In order to receive fast enough, change advanced yaml configuration in a new output definition to define batch size, more workers, etc. Besides settings for ssl.certificate_authorities, apply the following settings on big machines:

bulk_max_size: 1600 worker: 8 queue.mem.events: 100000 queue.mem.flush.min_events: 5000 queue.mem.flush.timeout: 10 compression_level: 1 idle_connection_timeout: 15

Make sure you find the best values matching your particular needs.

Note

The setting “Performance tuning” just above the advanced yaml configuration within the output definition will be set to custom, if you add such values into the advanced yaml configuration.

Memory / RAM settings¶

Keep Satellite accessible

In some environments, Elastic Agent integrations can unexpectedly consume excessive memory due to different reasons. When this happens, the Linux Kernel may invoke the OoM (Out of Memory) killer of systemd, terminating the Elastic Agent service and usually, disrupting data ingestion.

To avoid the Agent being terminated when exceeding available memory, follow the tips described on our blog.

Choose your license

If you’re using Elastic under the Enterprise licence, GB of RAM are the basis of licensing, and not the number of nodes. Hence, you should consider the type of license you’re using, and in case with Enterprise license make sure the memory is enough to be distributed properly between the nodes depending on your infrastructure.

Elasticsearch Index Recovery Settings¶

During the process of index recovery on a NetEye cluster, default settings of Elasticsearch may not appear optimal.

The default limit is set to the following values:

{
    "max_concurrent_operations": "1",
    "max_bytes_per_sec": "40mb"
}

which means that the reallocation of indices may appear to be slow when node leaves the Elasticsearch cluster.
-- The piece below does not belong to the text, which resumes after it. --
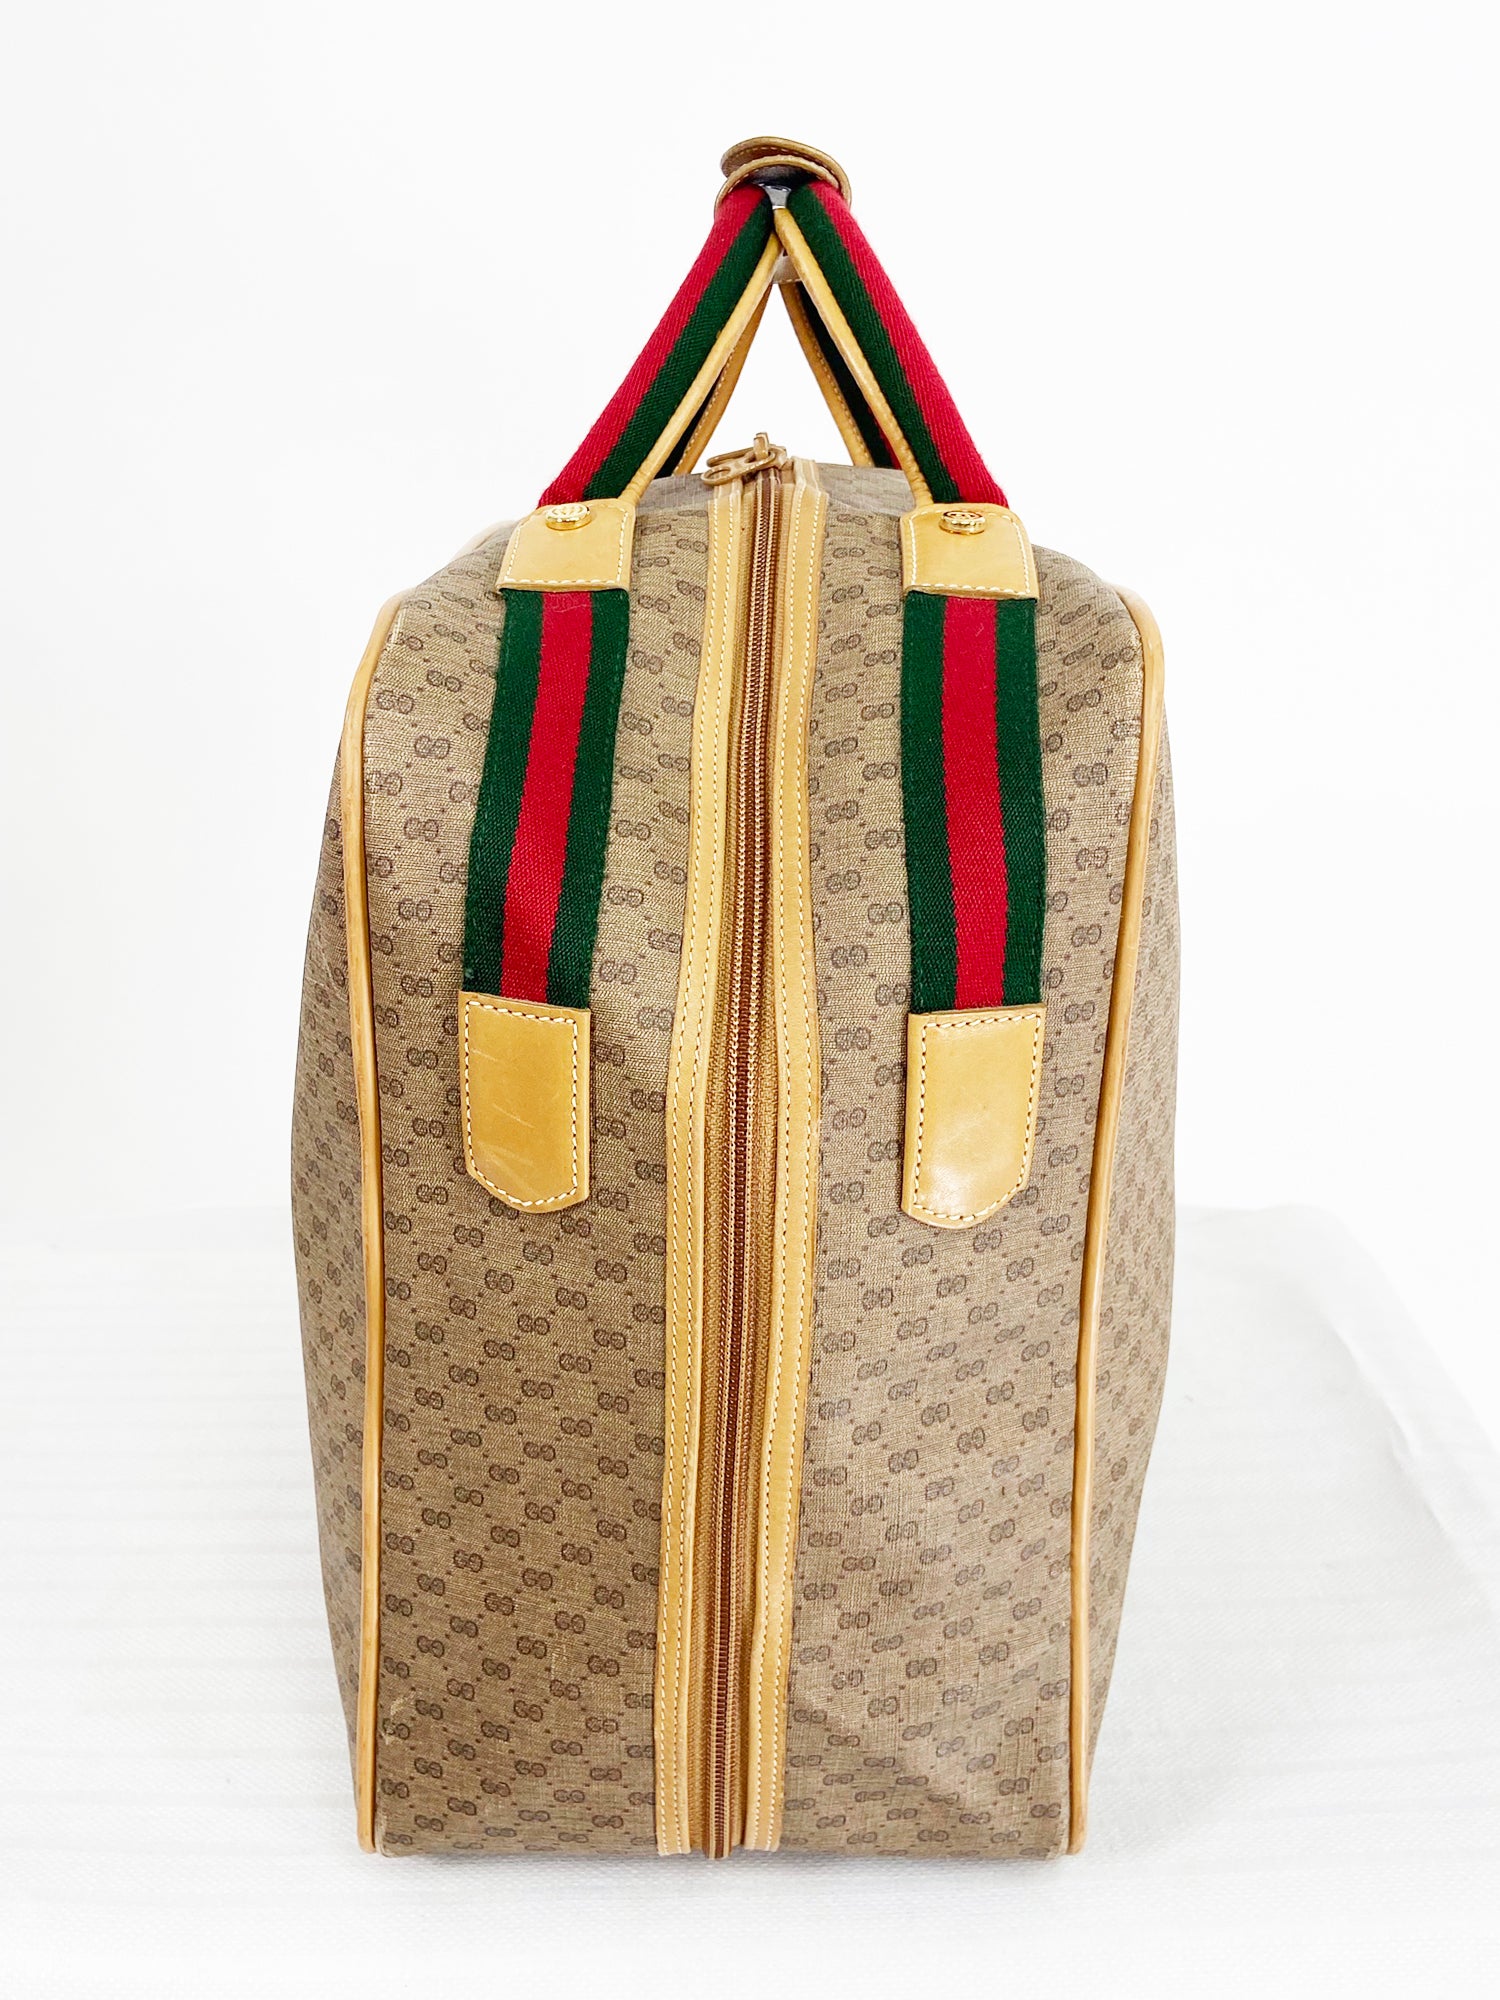 Gucci 1980s Bags, Handbags & Cases for sale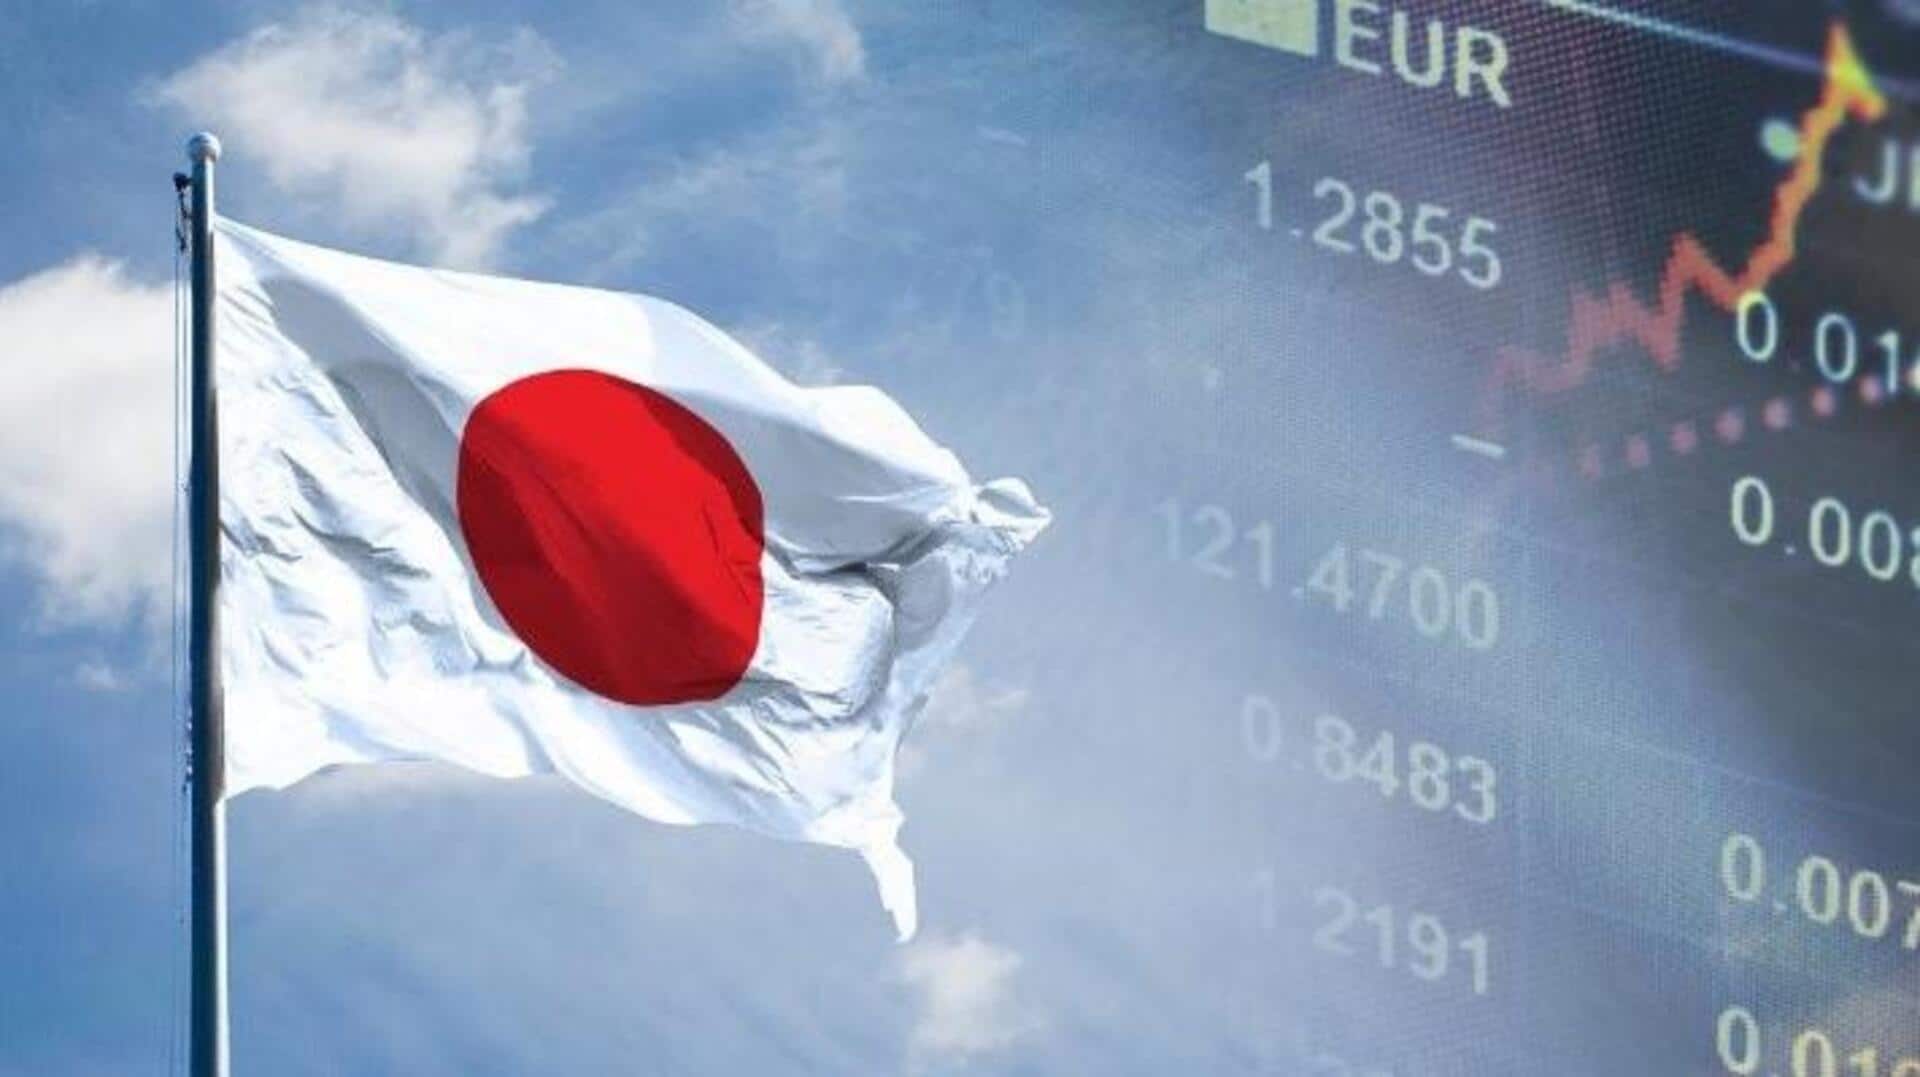 For first time in 17 years, Japan increases interest rates

Default settings may under-utilize the internal cluster network bandwidth, so it is recommended to update the settings dynamically using the cluster update settings API call:

/usr/share/neteye/elasticsearch/scripts/es_curl.sh -XPUT -H 'content-type: application/json' https://elasticsearch.neteyelocal:9200/_cluster/settings -d '{
  "persistent" : {
    "indices.recovery.max_bytes_per_sec" : "100mb",
    "indices.recovery.max_concurrent_operations": 2
  }
}'

This dynamic setting will apply the same limit on every node in the Cluster.

For a NetEye Elastic Stack module it is required to have a 10GB/s Private connection for the Cluster, with all the nodes having the same capabilities.

When updating the settings, the max_bytes_per_sec value should be set to max 50% of the private network bandwidth if Operative nodes are also Elastic Data. In case Operative Nodes are not Data Nodes (i.e. all the data are stored on Elastic Data-only Nodes) the value can go up to 95% of the bandwidth.

The max_concurrent_operations value is recommended to be set to 2, and can be increased (e.g. 4) for larger clusters.

You can find more details in the official documentation.